I've got a 2.5-year-old, and another coming at the end of February. Both girls. My wife and I are basically glued to our phones or the TV or the computer 24/7, which I think has made an impression on my toddler since she has essentially given very little interest to screen time. She's passively watched quite a few things but is constantly in her own head playing with things. She's watched Jurassic Park already. "I want to watch something scary." "I want to watch dinosaurs." "I want to watch Superman/Batman/Wonder Woman." She knows the entire Justice League already. But again, she doesn't really watch. The only thing she's ever actually sat down and watched with me were the two Home Alone movies. She actually managed to stare at the TV for the first hour of both of those before getting up to do something else.

I grew up with four younger sisters, so as soon as I got a Nintendo at like, 7 or 8 years old, I was glued to that thing. I was the oldest and only boy, so I got my own room. I had a small 10-11" black and white TV hooked up in my bedroom. My rich grandmother would buy me 2-3 games for my birthday and Christmas, with one sprinkled in if we found something at a pawn shop. Needless to say, my screentime was insane. And still is. I was the network admin in our house growing up. 10Base-T with 4+ PC's, using a software gateway to tunnel the internet through my computer on a fuckin' dial-up modem. To no surprise, I finally got into IT after 10 years of avoiding it and trying to make it work in Finance. I tried introducing an old iPhone 4 to the kid with some dated apps that would still run on it, but all she wanted to do was take selfies for about 3 minutes, pretend to talk for a couple of minutes, then set it down to go do something else.

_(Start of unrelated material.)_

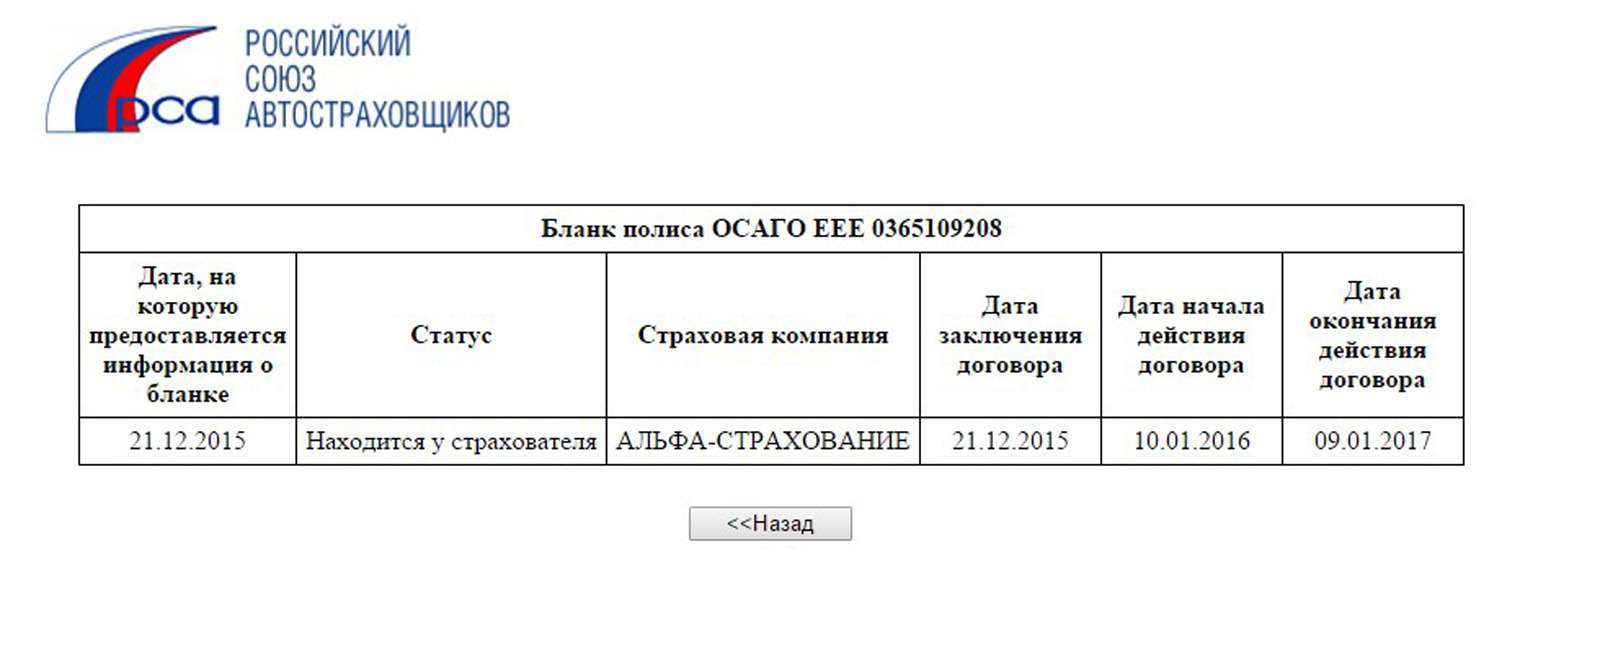 Проверить подлинность полиса можно на сайте РСА. В нашем случае настоящий полис находится у страхователя в Челябинске.

I'm not really going to be too anal about screen time, though my wife wants to have some limits. I wanted to toss a TV in her room so she can have educational stuff playing in the background, but the wife vetoed that. We live in a technological age where everything we do these days is through a screen interface. Like my uncle did for me when I was young by introducing me to PC's and getting me to take PC training courses back when people didn't even know what a modem was, has made a huge difference in my life. Though I do have concerns about "watching 5 hours of Minecraft videos", we'll see what happens when she figures out the technology. The best she can do right now is turn on the TV for me.

...

Anyone else's kid sort their toys, or position them in groups in different areas around the house? The other day she lined up all of her LEGO blocks by size and color. Of all of her cousins (ranging between 2 to 6), she's apparently been the most advanced when it comes to speech, and grasping advanced concepts fairly quickly.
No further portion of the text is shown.